Lord Henley calls for evidence on eggs

Parliamentary under-secretary at DEFRA, Lord Henley, has called on the British egg industry to provide the government with evidence on how other countries are performing in relation to the conventional cage ban.

Addressing a British Egg Industry Council reception at the House of Lords on Monday (4 July) Lord Henley said it was essential that UK producers were able to operate on a level playing field when the new welfare legislation takes effect.

“I can assure you we will keep up the pressure on the European Commission to find a universal solution (to the threat of imports of illegal eggs),” he said.

But the government needed help from the industry as part of the “evidential effort” on how producers in other countries were performing.

Lord Henley acknowledged that the egg sector was under huge financial pressure as a result of falling egg prices and rising feed costs. These magnified the challenges posed by the change in welfare legislation “in spades”.
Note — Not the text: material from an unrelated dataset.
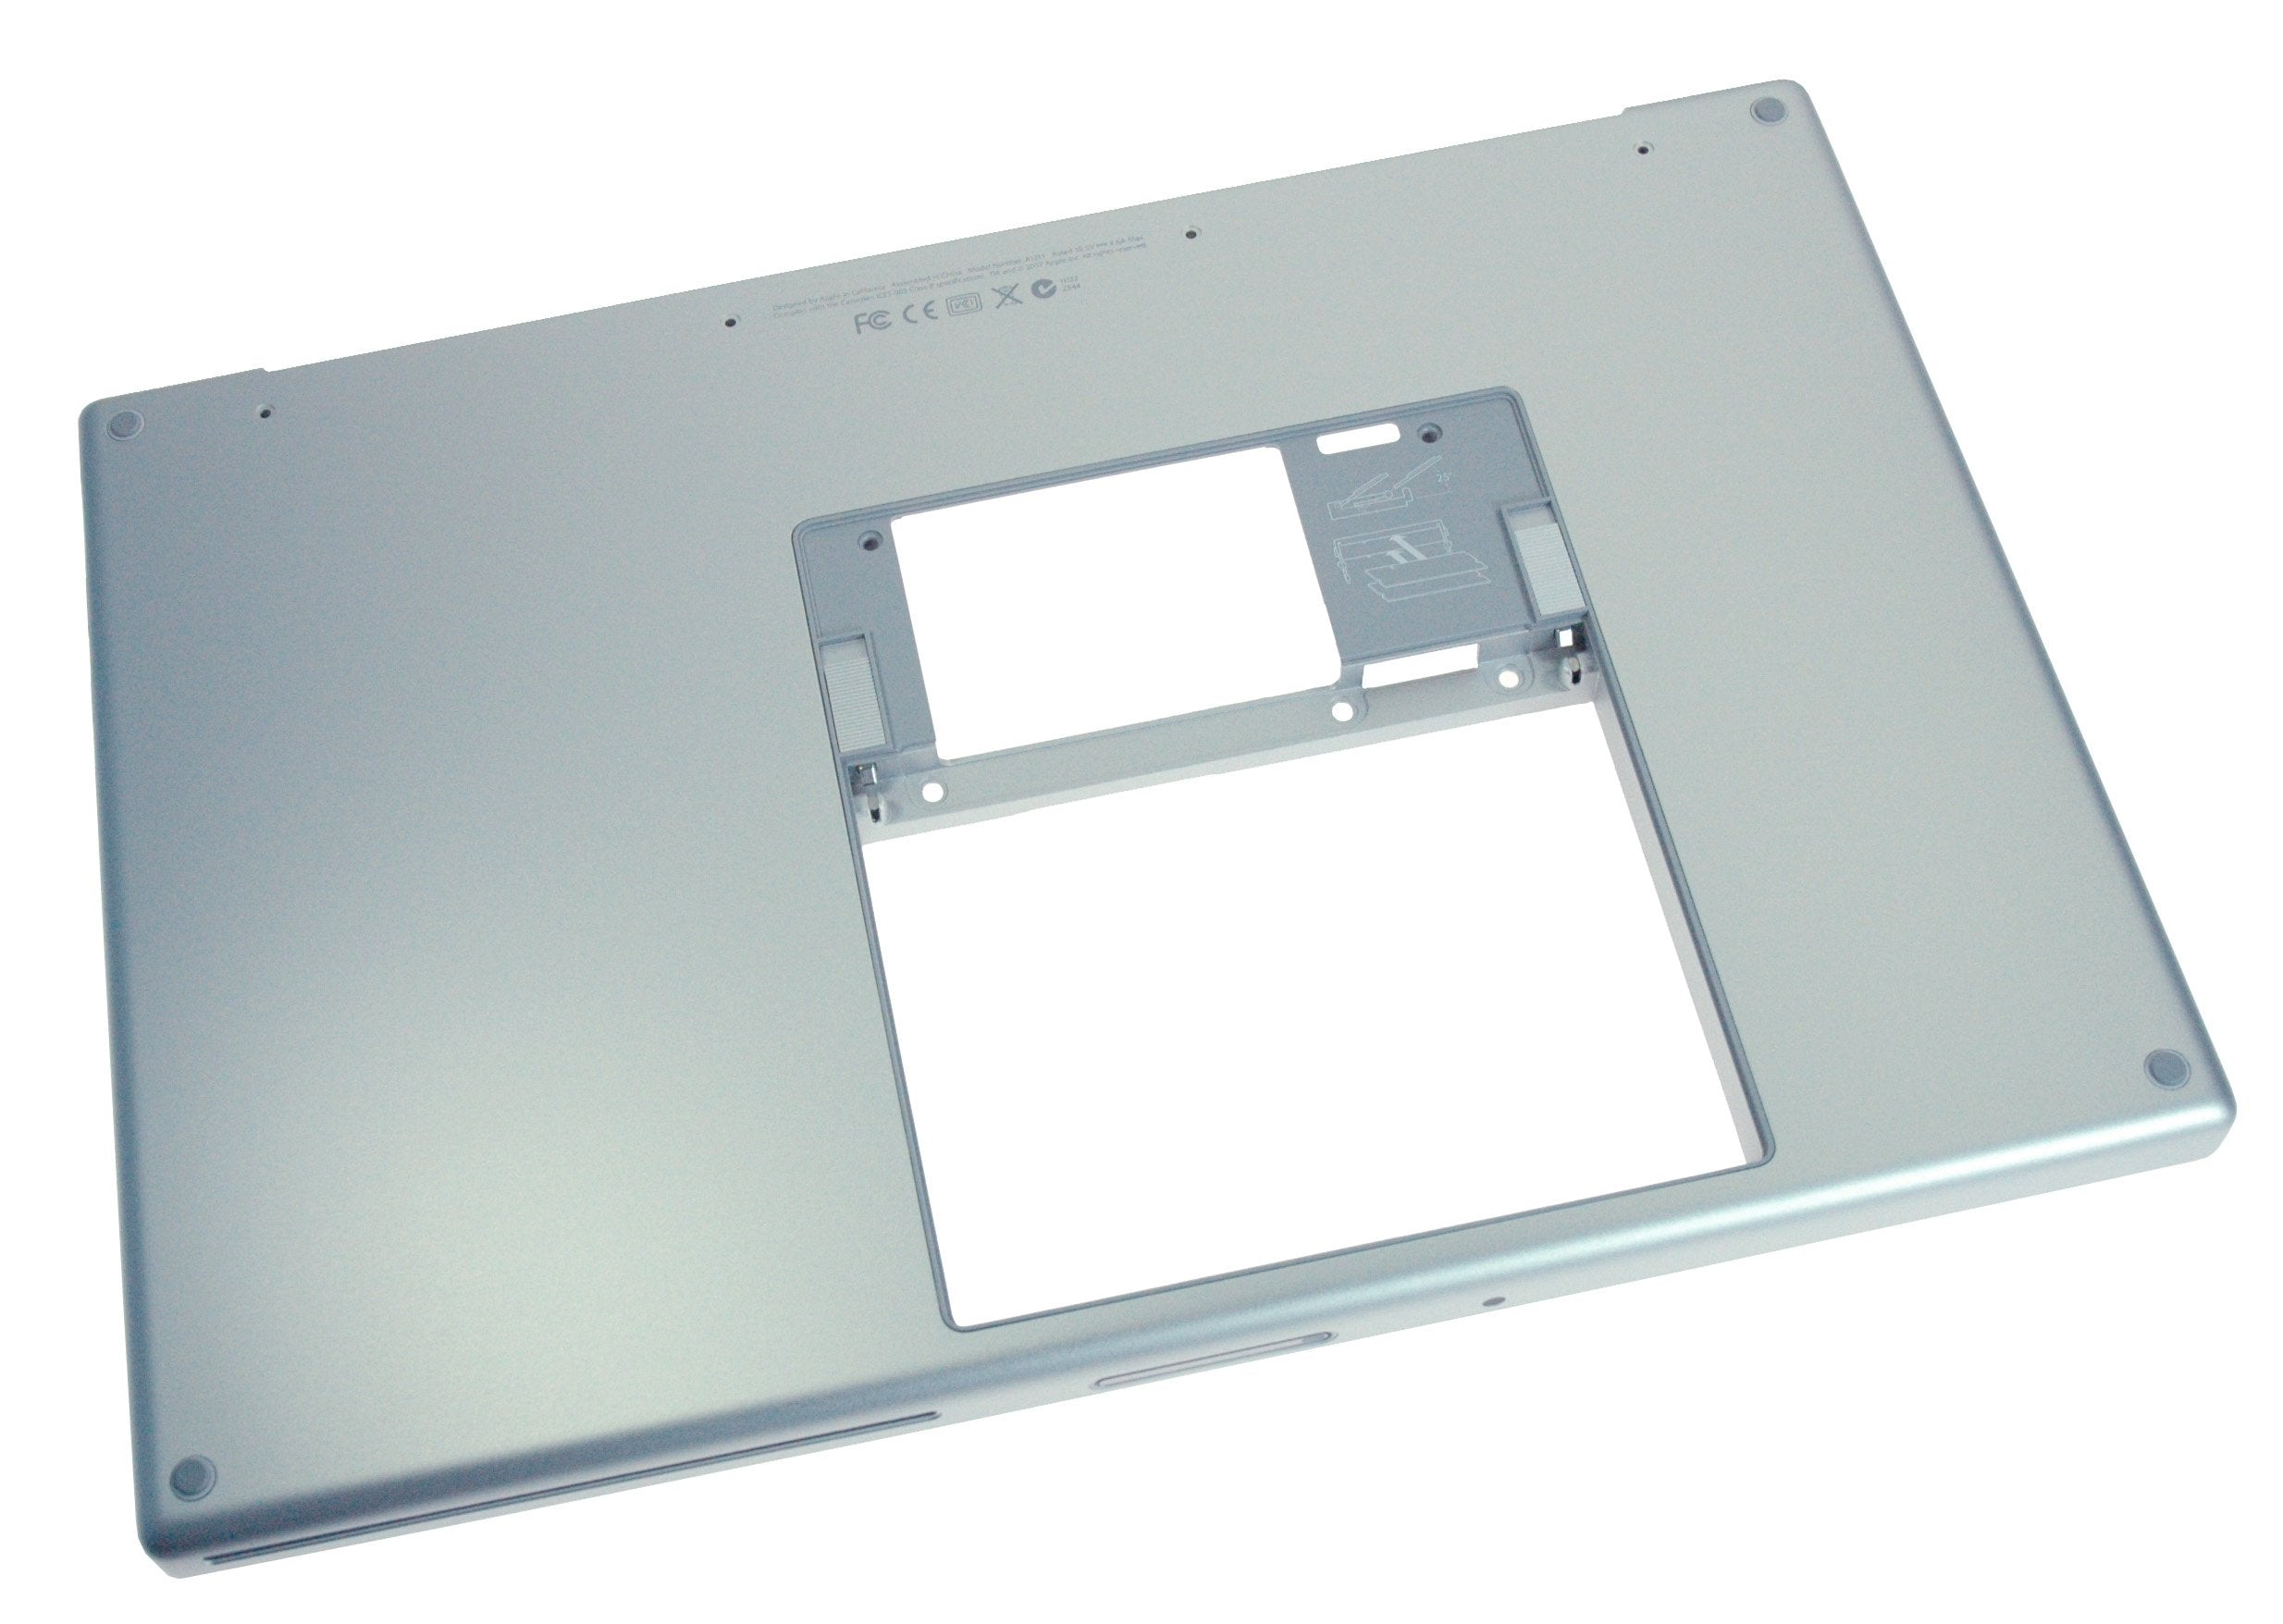 MacBook Pro 15" (Model A1211) Lower Case

But he added that egg producers needed to be patient as government worked to find a solution. “You get the chicken by hatching the egg, not by smashing it,” he said.

BEIC chief executive Mark Williams told the meeting that latest estimates suggested that 23% of EU laying hens would still be in conventional cages after 1 January 2012, producing 70 million eggs a day. “That is more than double the total UK production. It is a huge amount of illegality.”

But the EU commission was still being “ostrich like”, and was insisting that it was up to member states to enforce the conventional cage ban. This lax attitude meant the UK was extremely vulnerable to illegal egg imports, especially given that it was only 80% self-sufficient.

British egg producers did not fear fair competition, Mr Williams said, but illegal eggs would have an 8% cost advantage and that was not fair.

The EU commission was not expected to come forward with any proposals on how to stop the trade in illegal eggs until next spring at the earliest, he added. In the absence of any EU action, the UK government need to put in place measures “to stop our industry from being undermined”.